● Data segment:
-- -- --
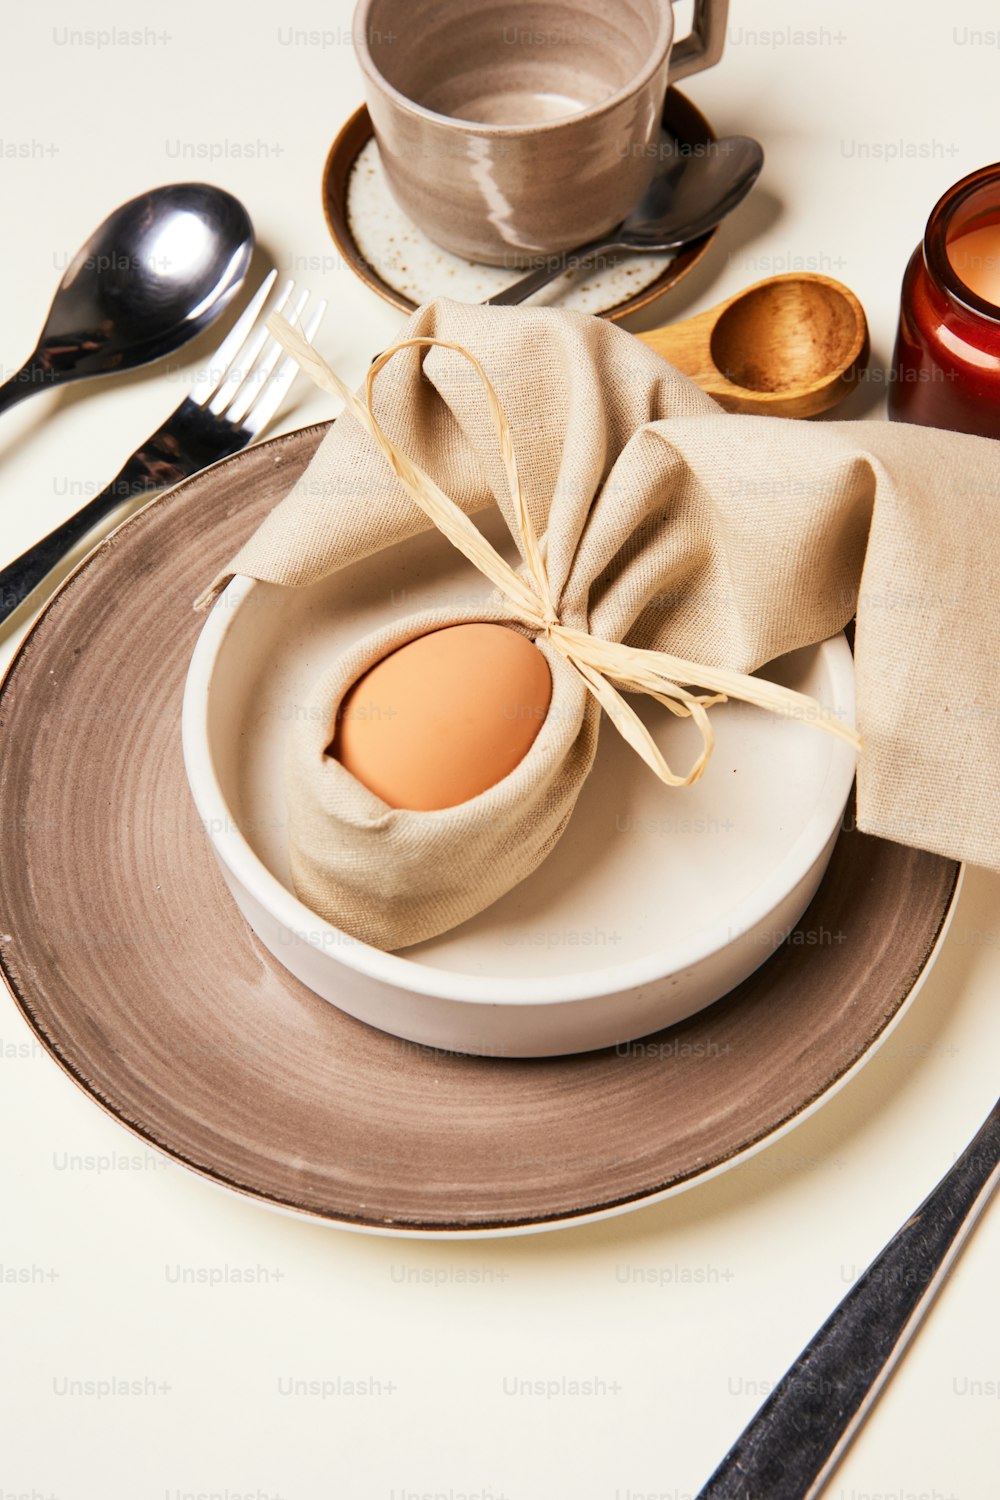 a plate with an egg on it and a napkin tied around it
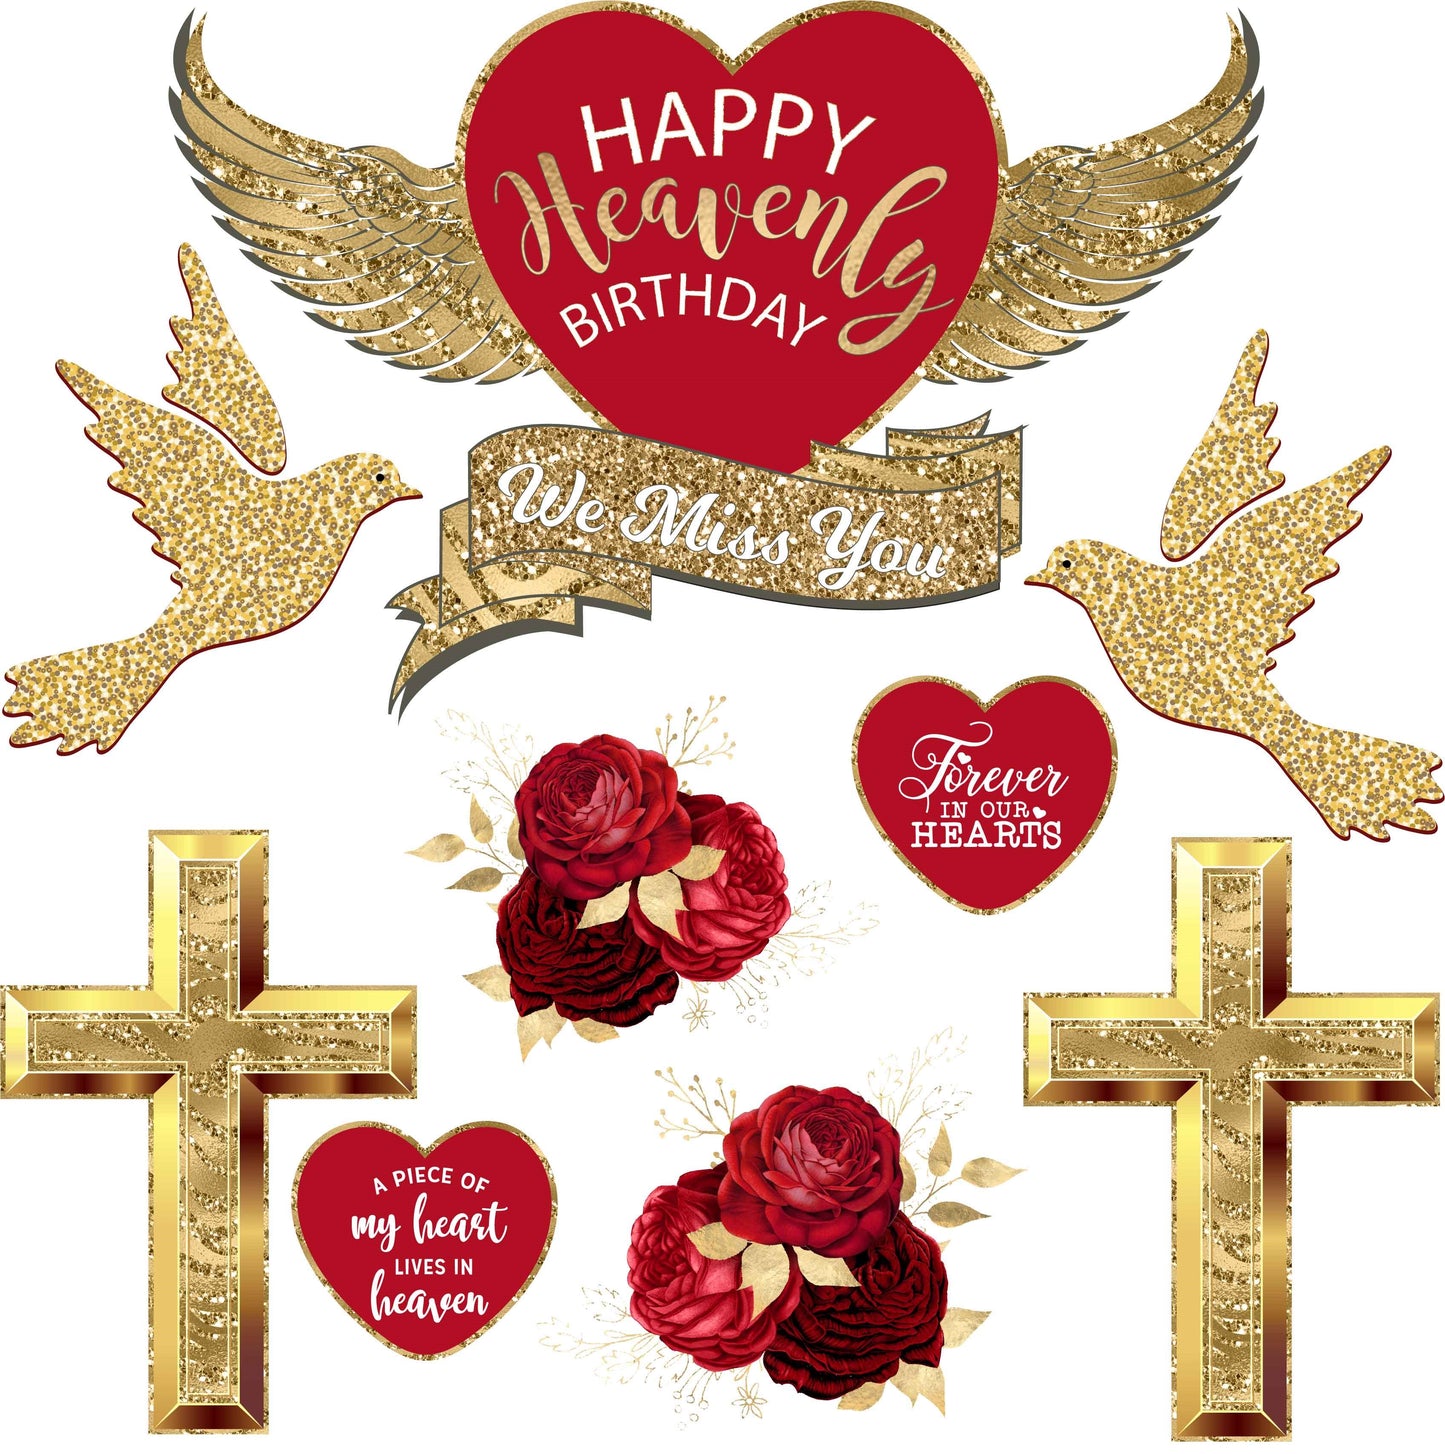 Happy Heavenly Birthday Theme Half Sheet Misc. (Must Purchase 2 Half sheets - You Can Mix & Match)
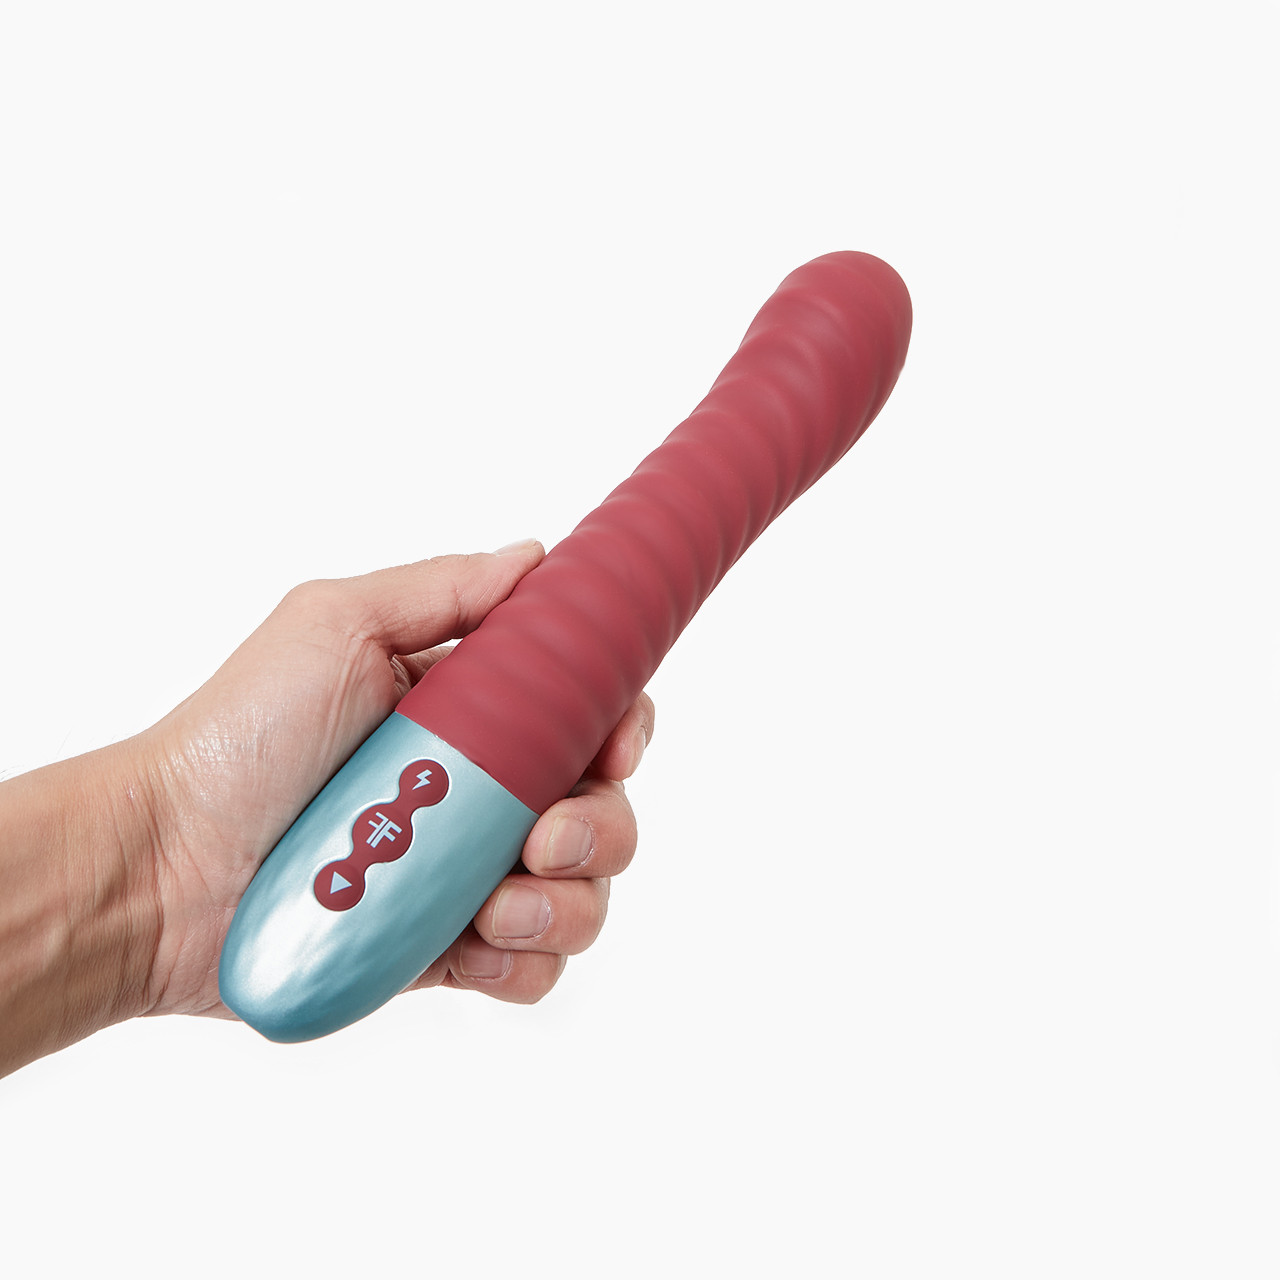 The 'Lola G G-spot Vibrator', a curved silicone toy, held in hand with a white backgroud
-- -- --
● Aim of the exercise: Write out all the material above exactly, with no image carried over.

● Exercise response:
 a plate with an egg on it and a napkin tied around it
 Happy Heavenly Birthday Theme Half Sheet Misc. (Must Purchase 2 Half sheets - You Can Mix & Match)
 The 'Lola G G-spot Vibrator', a curved silicone toy, held in hand with a white backgroud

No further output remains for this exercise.